Below is a listing to copy exactly; no image goes into the copy.

◆ INFORMATION SHOWN:
=== Begin Enclosure ===

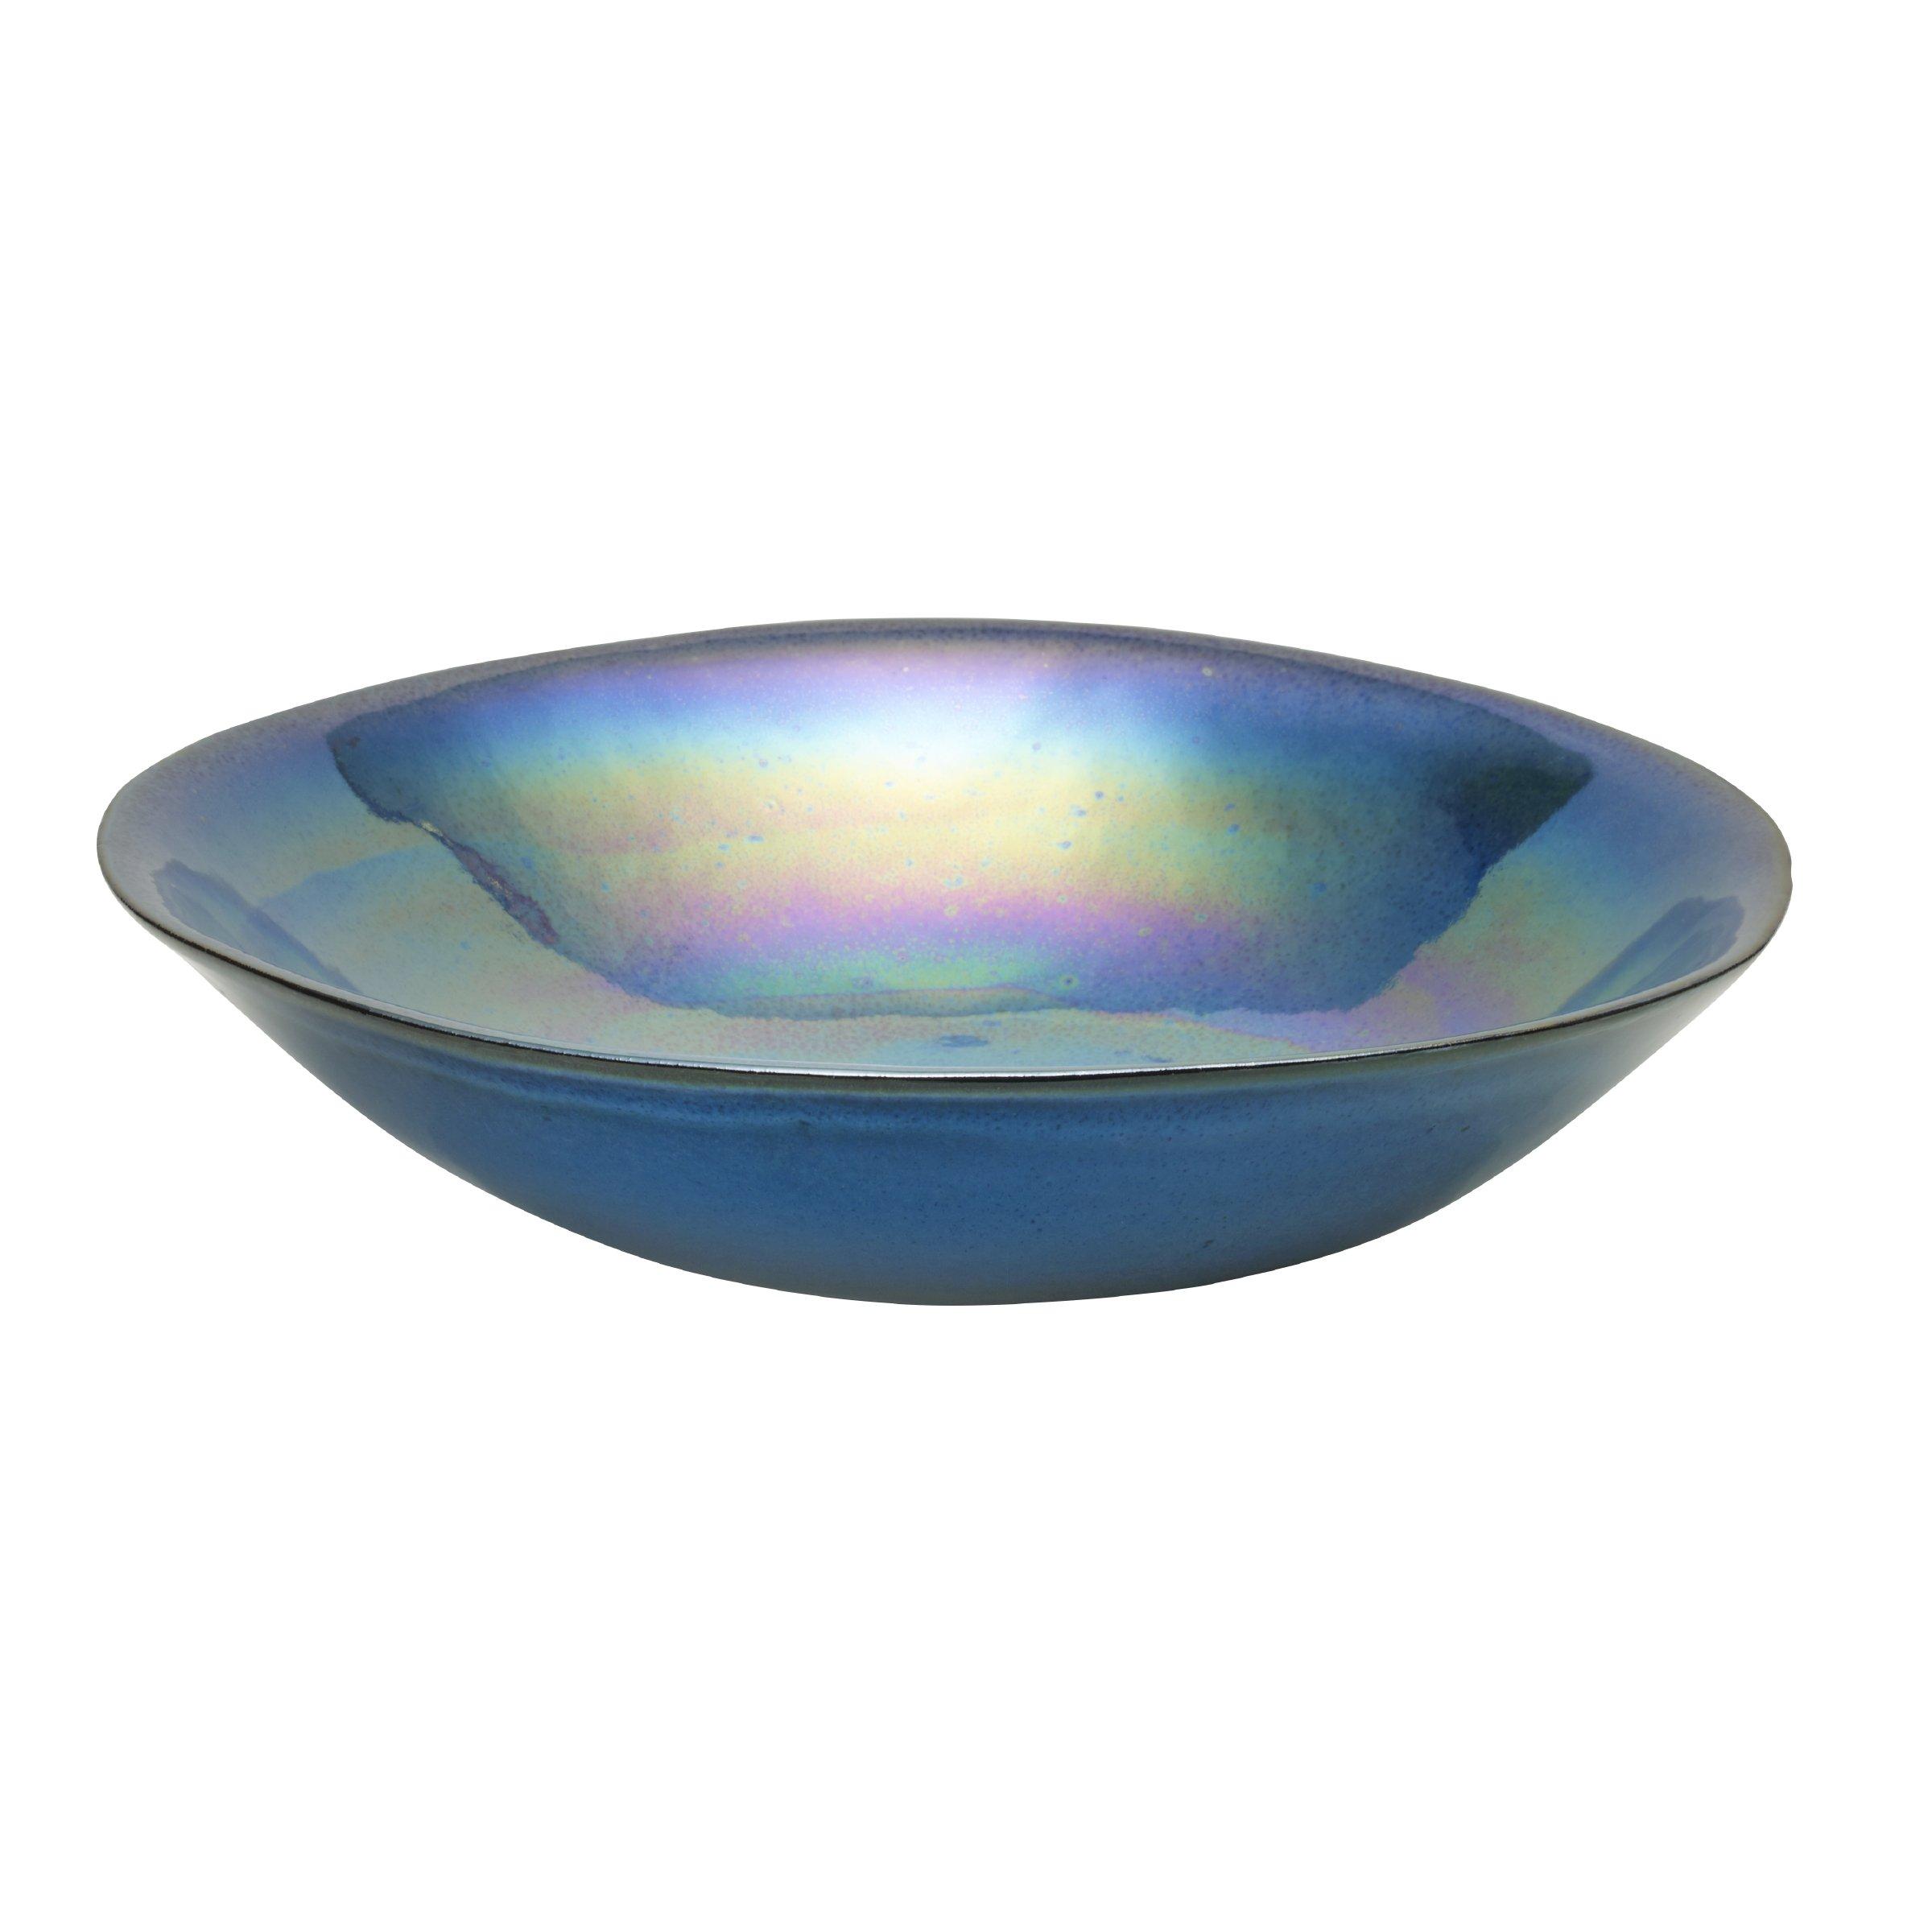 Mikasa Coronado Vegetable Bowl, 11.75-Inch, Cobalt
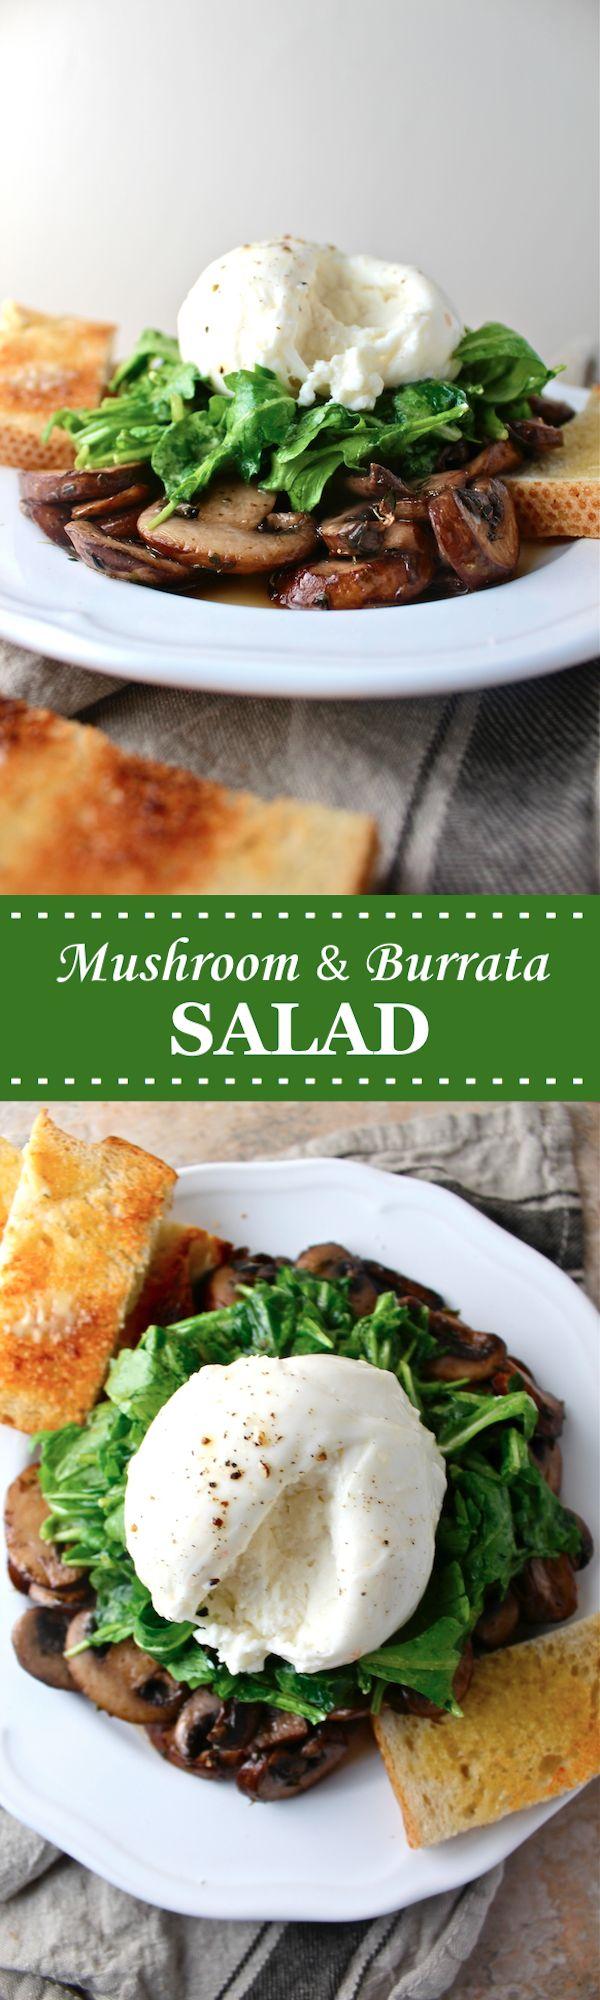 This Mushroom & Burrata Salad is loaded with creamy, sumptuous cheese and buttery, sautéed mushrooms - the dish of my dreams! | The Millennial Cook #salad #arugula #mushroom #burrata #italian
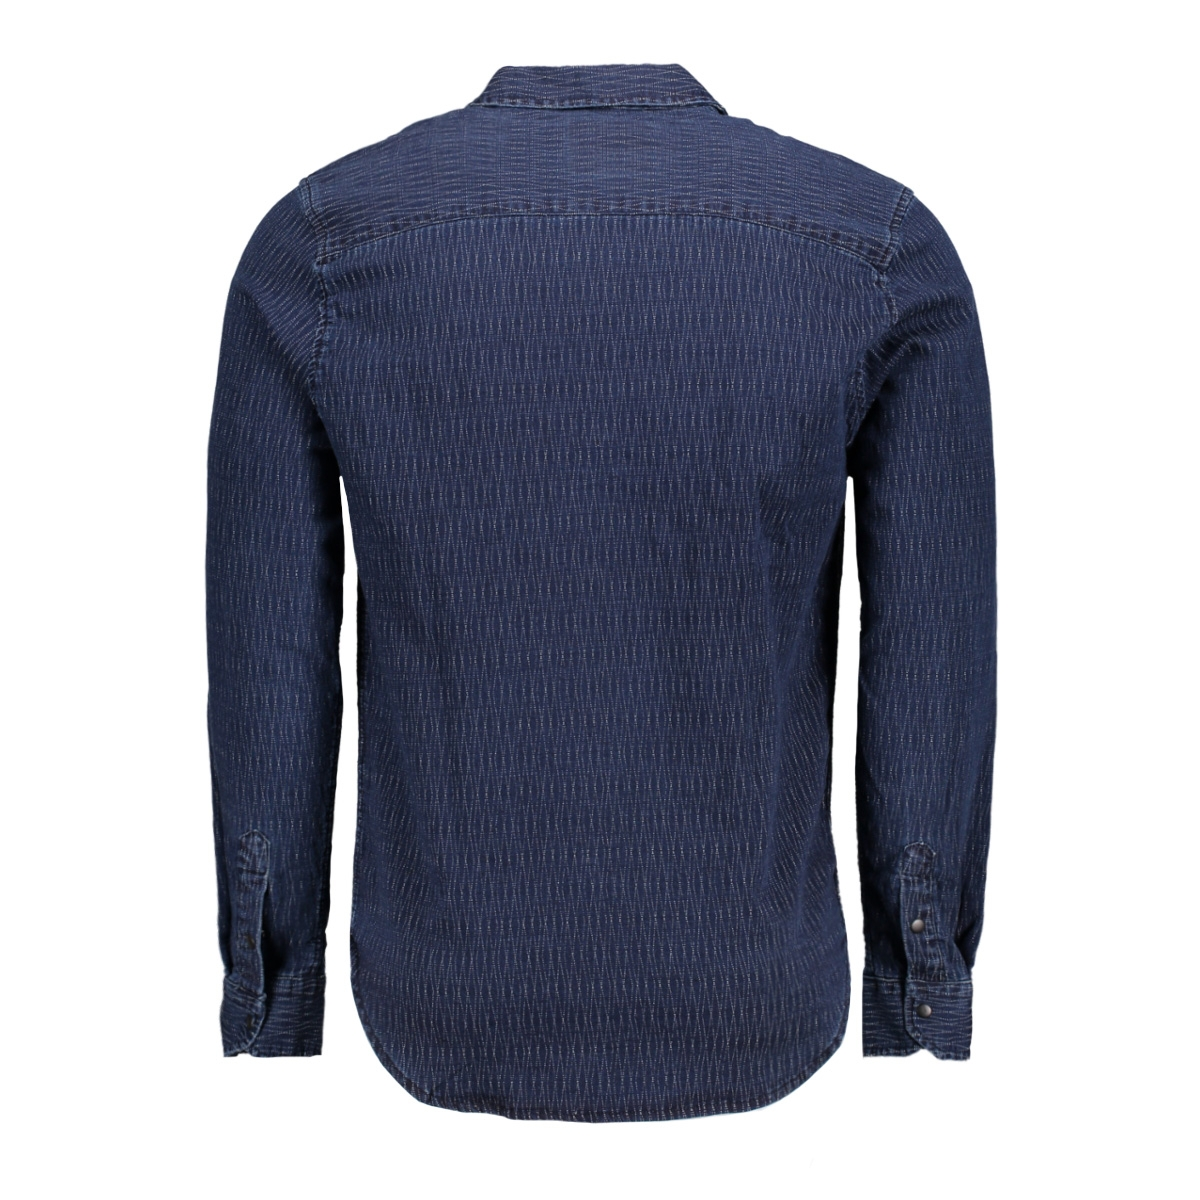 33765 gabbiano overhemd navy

=== End Enclosure ===

◆ TASK RESPONSE:
 Mikasa Coronado Vegetable Bowl, 11.75-Inch, Cobalt
 This Mushroom & Burrata Salad is loaded with creamy, sumptuous cheese and buttery, sautéed mushrooms - the dish of my dreams! | The Millennial Cook #salad #arugula #mushroom #burrata #italian
 33765 gabbiano overhemd navy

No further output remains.